Generation of the CAFPS-based nomogram
A nomogram was generated using the eight-gene CAFPS and several patient clinical characteristics, namely, age and pathological status, to predict the 3 and 5-year OS of BC patients (Figure 11A). All patients were given a point each for individual prognostic parameters, and a higher total score indicated worse prognosis. We next assessed the predictive efficacy of the nomogram using time-dependent ROC curve analysis. This showed that the AUCs of the nomogram were 0.805 and 0.801 for the 3- and 5-year OS rate predictions, respectively (Figure 11B-C). Moreover, higher AUCs were seen compared with the pathological stage. These results demonstrated the satisfactory predictive efficacy of the nomogram in determining the outcomes of BC patients (Figure 11D-E).
Prognostic value of CAFPS in relation to drug response
Patients in the GSE18728 dataset underwent chemotherapy. Of these, 11 responded while 17 did not. The CAFPS scores of the patients who responded were significantly lower compared to those of the non-responding patients (Wilcoxon test, p=0.048, Figure 12A). Moreover, patients with reduced CAFPS scores responded better than those with elevated scores (Figure 12B). These findings indicate that the CAFPS was effective for estimating patient response to chemotherapy. This also explained the worse outcome and rapid cancer progression of patients with elevated CAFPS scores who underwent chemotherapy.
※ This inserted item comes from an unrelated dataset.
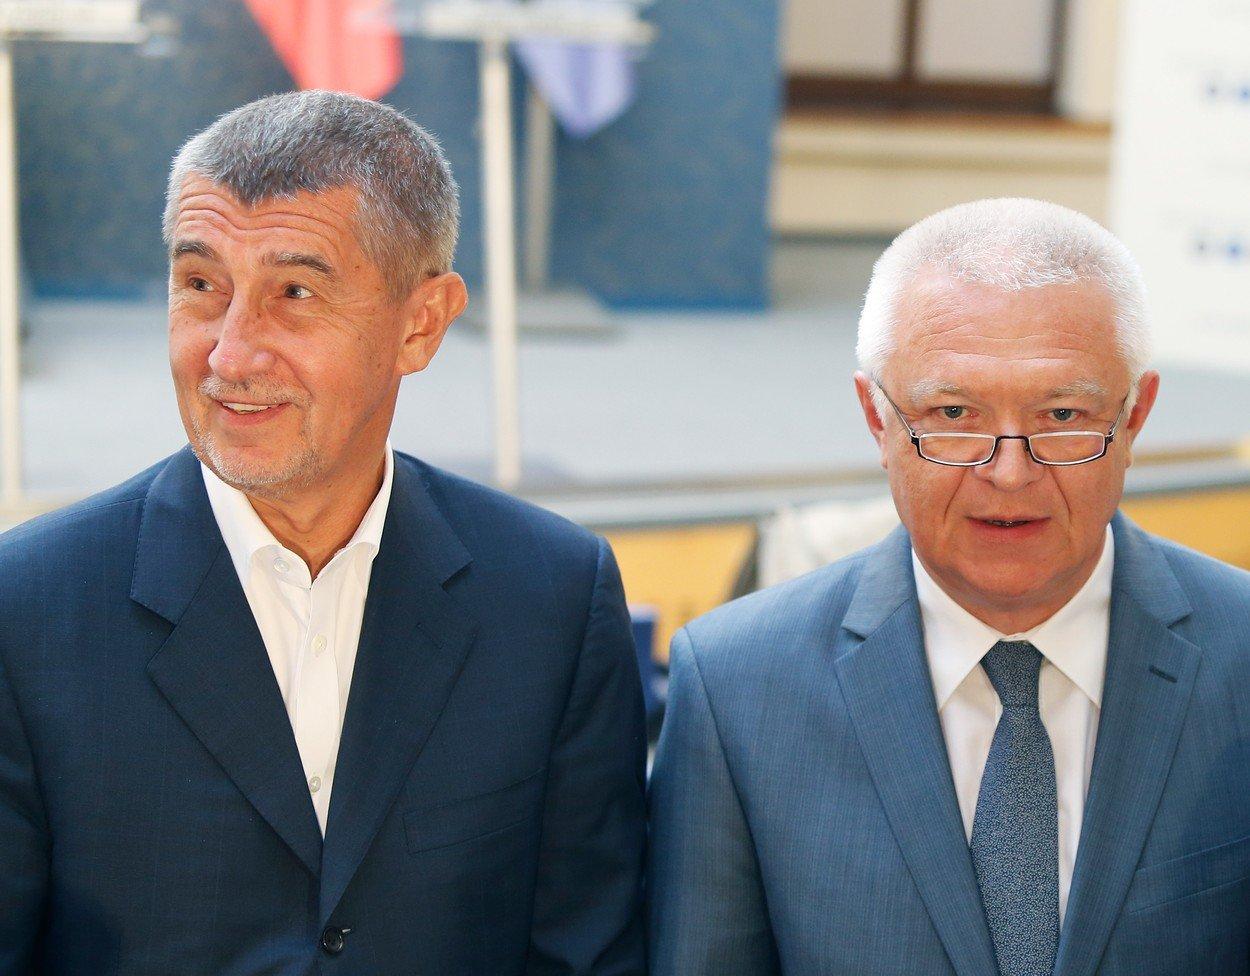 Nerozlučná dvojice? Andrej Babiš a Jaroslav Faltýnek to spolu táhnou už od roku 2001.

Evaluation of the prognostic gene signature, immune checkpoints, and hallmark gene networks
We next assessed differences in the levels of immune checkpoint molecules between the HR and LR cohorts. Relative to the HR cohort, the levels of CD274 (PD1) (p < 2.22e-16), PD-L1 (p < 2.22e-16), CTLA4 (p< 2.22e-16), LAG3 (2.7e-13), IDO1 (p< 2.22e-16), and TIGIT (p < 2.22e-16) were significantly raised in the LR cohort (Figures 13). Another interesting finding was that almost all of the hallmark gene networks were significantly associated with CAFPS (Figure 14A). Moreover, the single-sample gene set enrichment analysis (ssGSEA) showed that the CAFPS RS was negatively associated with the TGF-BETA (R=-0.091, p=0.0032), IL-6-JAK-STAT3 (R=-0.37, p<2.2e-16), and TNFA-SIGNALING-VIA-NFKB (R=-0.34, p < 2.2e-16) signaling pathways (Figure 14B-D).